Тем не менее, если присуждать пальму первенства сейчас, в 1957 году, она скорее всего должна была бы достаться Георгию Иванову. Пастернак, — не по своей вине, пожалуй, — постепенно терял внутренний поэтический накал, хотя виртуозность его остается тою же, и он (совсем как Георгий Иванов) может писать даже «левой рукой». Пастернак позрелел за последние годы, но куда делось волшебство «го первых книг? По-прежнему ждешь его новых стихов, но их уже не любишь. Тогда как Георгий Иванов именно в зрелом своем творчестве стал незаменимым, и в каждом его новом цикле есть хоть одно стихотворение, само собой ложащееся «навсегда» на самую заветную полку поэтической памяти. Тем не менее, поэзия в России скорее пойдет за Пастернаком, чем за Георгием Ивановым. Но это уже явление «историко-литературное».
Из множества реакций на поэзию Георгия Иванова две кажутся мне особенно типичными.
Среди его хулителей немало людей, которые, в общем, признают «довольно высокое» качество его стихов, но их отталкивает, раздражает, возмущает то, что они называют «нигилизмом». (Впрочем, злоупотреблением словечка «нигилизм» грешат все, кто пишет о Георгии Иванове).

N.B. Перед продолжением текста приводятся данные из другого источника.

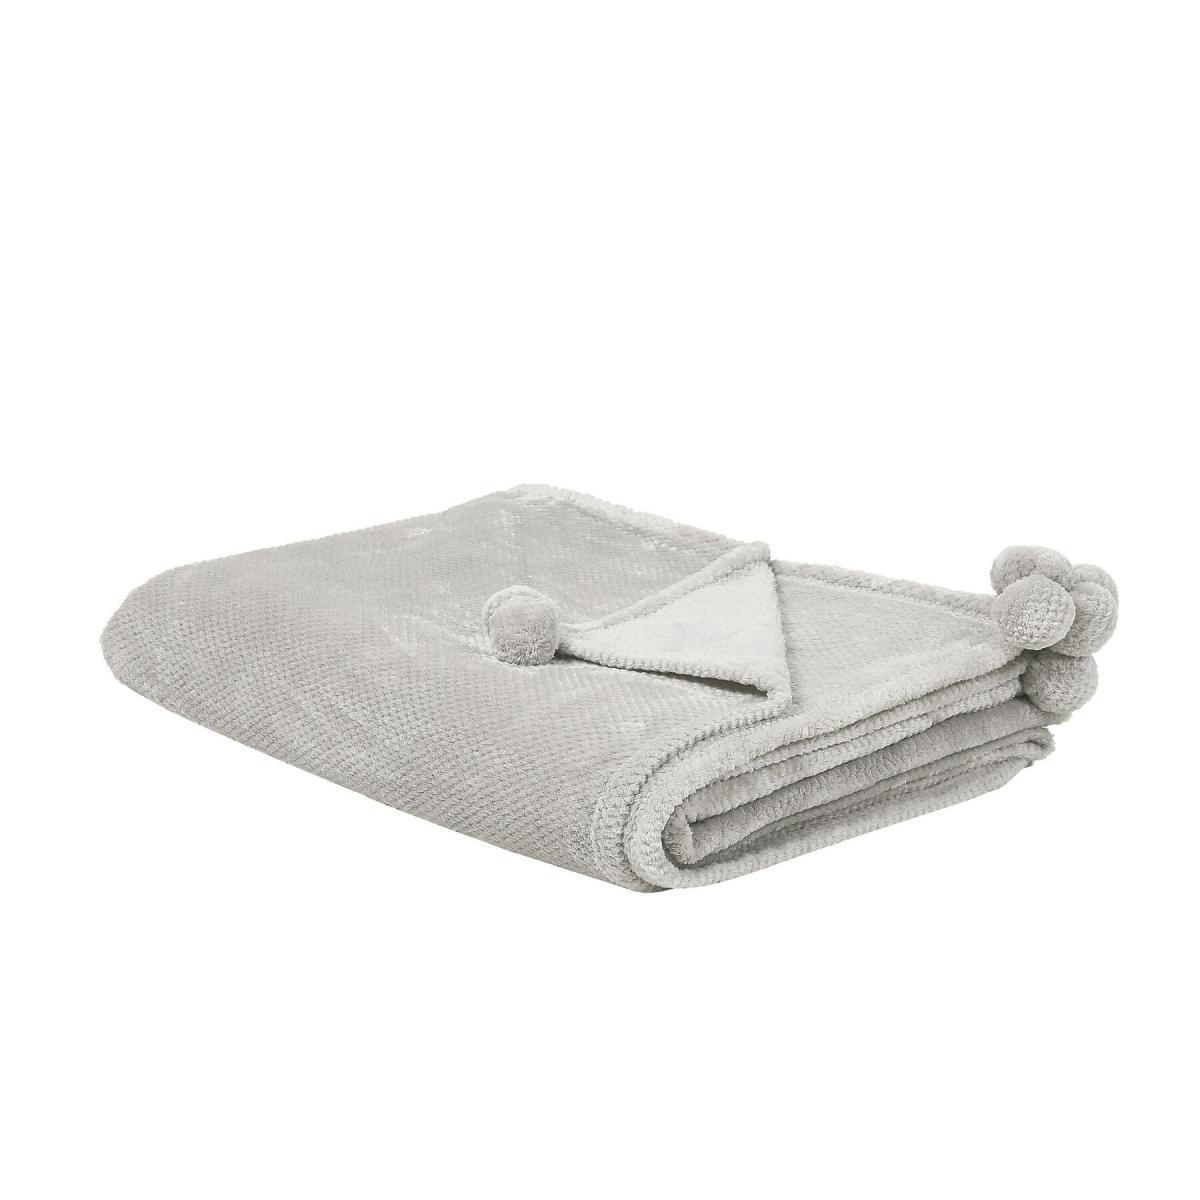 Beliani Beliani Plaid gris clair 200 x 220 cm SAITLER - gris clair
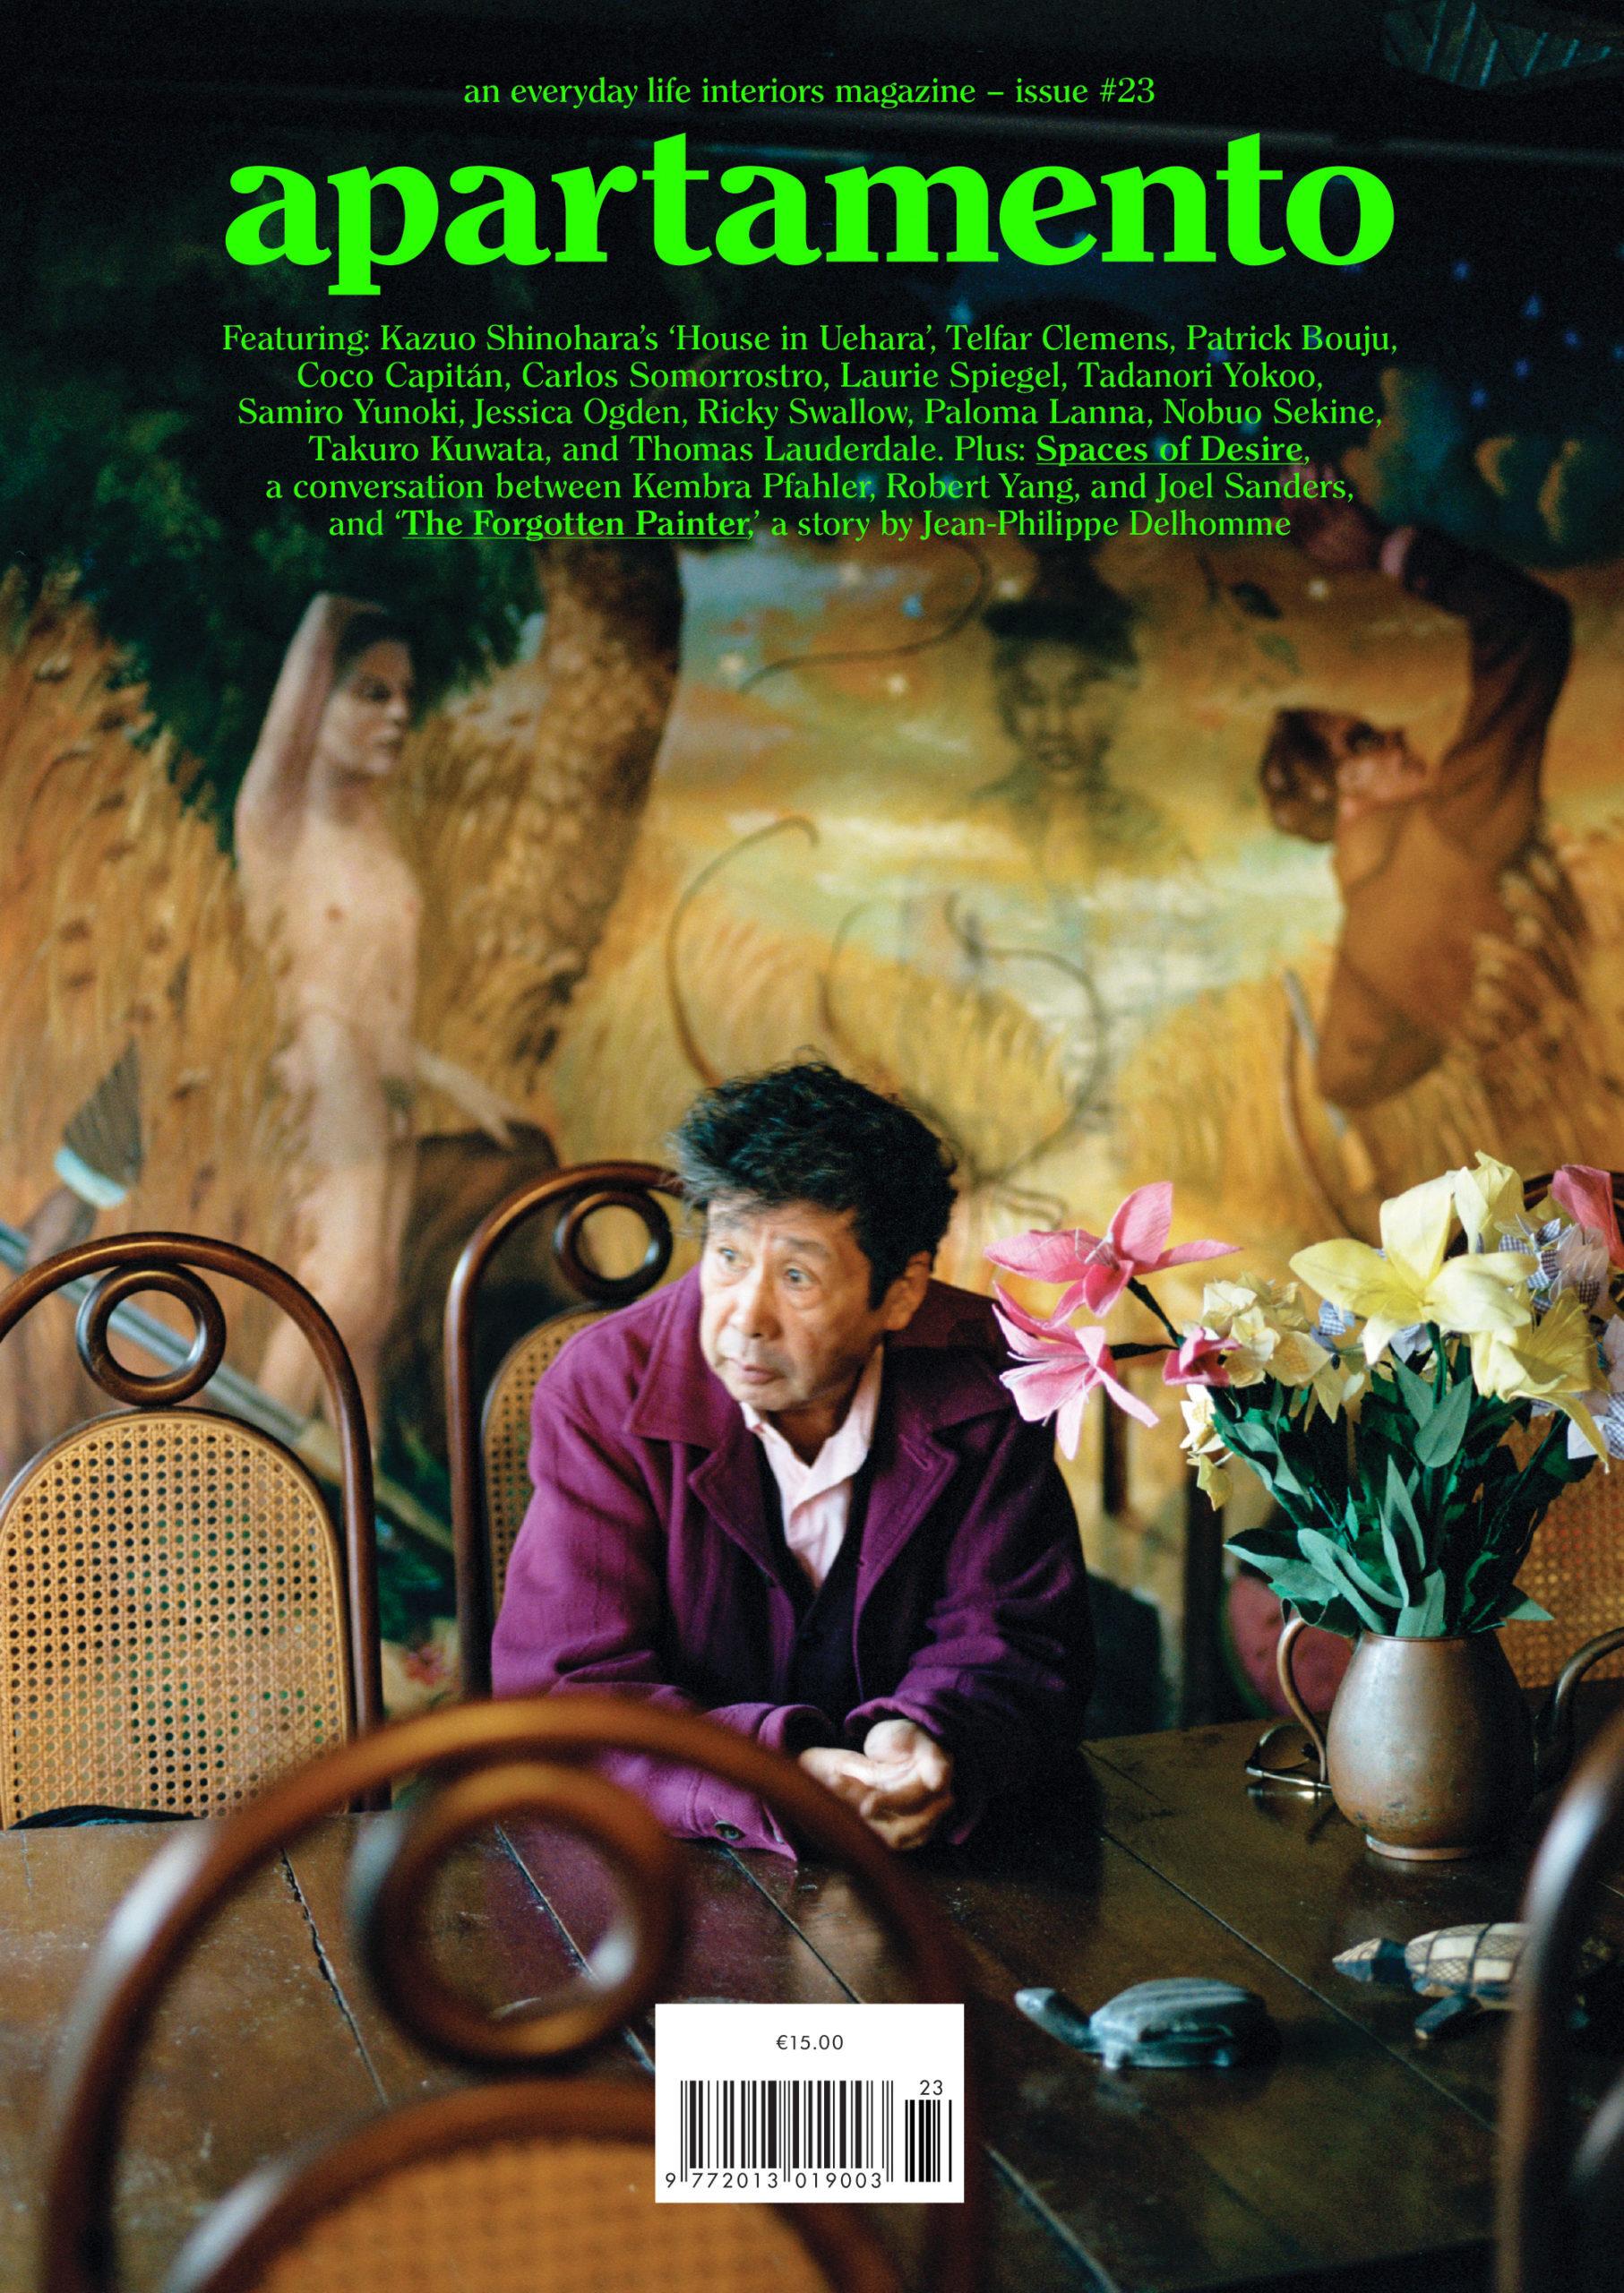 BOOK / apartamento magazine issue #23

На низших ступенях эстетического восприятия тут чаще всего недоразумение. В строке «хорошо, что нет Царя» не слышат интонации, читают слова, как читали бы их в газетной передовице, или же не дочитывают стихотворения до конца. Это эстетические зубры, которых, к сожалению, больше, чем политических (и в политике они частенько «левые»).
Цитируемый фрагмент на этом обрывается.